El color de la sangre

Las vistas desde lo alto del faro son impresionantes, la inmensidad del mar sobrecoge. Esa extensión de agua que parece no tener límites me produce vértigo. A mi espalda está la isla, pequeña y bien delimitada, el polo opuesto a ese horizonte inabarcable.

– He venido, estoy aquí. – Repito absurdamente–. Manuel no dice nada. Me tiende la mano y después me abraza. La cabeza sobre su hombro. Besa mis párpados, que saben a agua salada.

– No toca llorar. – Me dice, levantando mi mentón con su mano enorme, que es a la vez cálida y dura, curtida.

Si por mi fuese me quedaría en el faro. Contemplando el mar de día y las estrellas de noche, sé que parece un tópico al decirlo ¡suena tan poético! pero no he venido para disfrutar del paisaje. Me esperan otras cosas en esta isla, aunque lo peor de todo es el miedo. Esos demonios internos siempre acechantes que he venido para vencer, sin más armas que mi débil voluntad.

Manuel sabe a lo que me enfrento. Por la noche se me acercó mientras yo estaba insomne, apoyada en la barandilla de la torre.

– ¿No duermes?

– Tengo miedo.

– Eso no es nuevo, niña.

– ¿Por qué me has dejado venir?

Él levanta una ceja, sabe que pregunto por preguntar. Aún así, me responde:

– No me hubieses perdonado si te lo impidiese.

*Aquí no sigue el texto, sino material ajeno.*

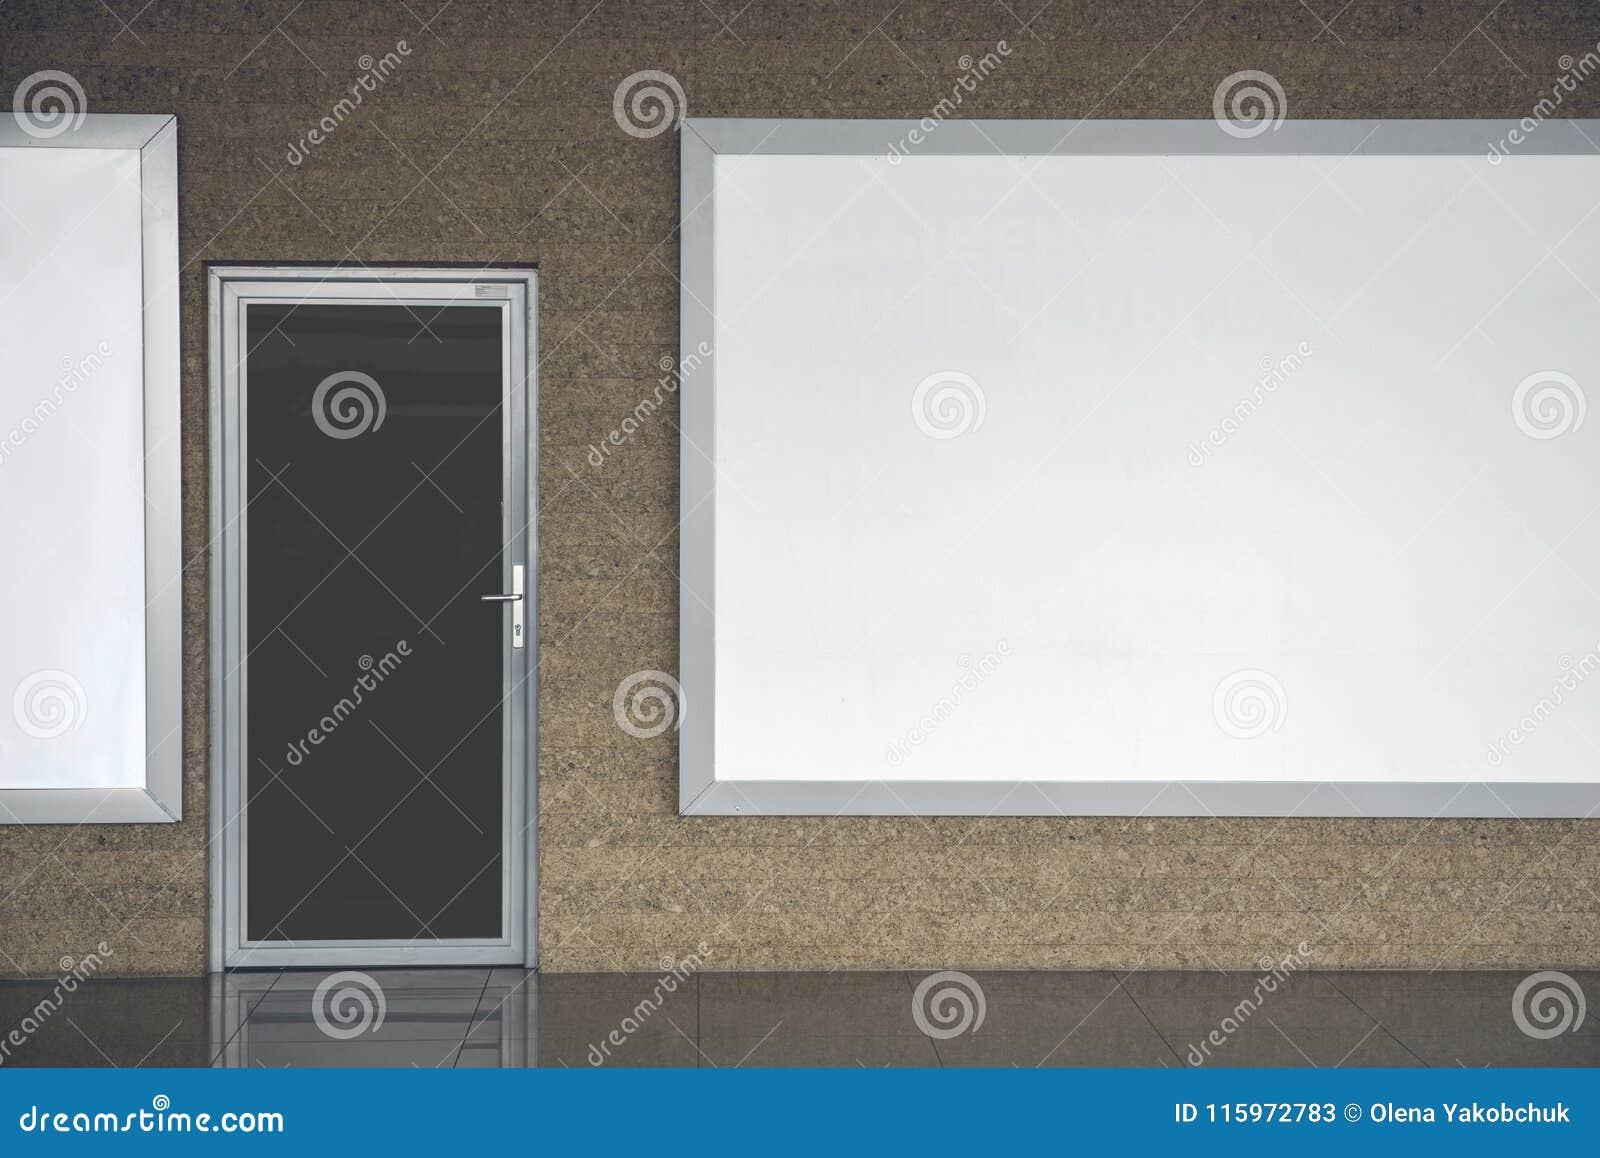 Silver Door Locating Near Big Board Stock Image - Image of company ...

A la mañana siguiente salgo temprano mientras él duerme. Me he tomado ese brebaje bien cargado que mitiga las emociones del alma. Es una receta de la madre de Manuel, “la hierba que duerme el alma” le llama. Contiene el extracto de una planta extraña que no he podido ubicar en ninguna enciclopedia, pero  funciona, aunque en mi caso no llega a producir todo su efecto porque en mi alma “hay mucho que dormir”, pero algo hace. Por lo menos no tiemblo tanto.

El color de la sangre es el mismo para todos. Da igual que hayas nacido rico o pobre, en una metrópoli gigantesca o una isla reducida. Hace tiempo que ese color me duele. Ahora voy vestida de negro, sobre la arena blanca de la isla mi imagen, entre la bruma de la mañana, no puede ser más tétrica.

Apenas hay gente en el entierro. Yo quiero ponerme detrás de todos, ser la última, revestirme con una capa de invisibilidad. La he cuidado. Todo lo que pude hasta el final. Y justo ahora, que todo terminó me cuesta acompañarla en su último viaje. En el hospital ya era duro, pero aquí…En el último instante aparecieron los demás, los lazos de la sangre. Me vieron tan rota y descompuesta que se ofrecieron a realizar los últimos trámites. Durante este largo año que he pasado en la isla he tenido tiempo de reflexionar. De no haber sido por Manuel, por los minutos que viví a su lado en el faro, recargando mi energía con su ternura y estas vistas únicas, no hubiese podido. Después de hoy ni siquiera el refugio de sus brazos y estas vistas – las más hermosas que he contemplado- podrán retenerme. Si alguno de esos demonios interiores me sigue tomaré más dosis de la “hierba durmiente”, pero no vendré a su territorio para caminar por sus calles, mientras sus ojos invisibles acechan mis pasos tras las ventanas.

Cuando todos se van, después de los abrazos de rigor, quiero quedarme un instante. Les digo que me esperen fuera, que no tardo. Entonces me acerco más y deposito en su tumba la última dalia roja que aún tengo en la mano. “La sangre es más espesa que el agua”, me parece estar oyéndola. El lazo de sangre recubre los nombres de todas las lápidas, más de las que quisiera recordar. Por eso me voy, porque ya no me queda ningún lazo en esta isla y porque el agua de este mar ya no me parece más que de un color.

–Buen viaje –les digo, y me descubro diciéndomelo a mí también.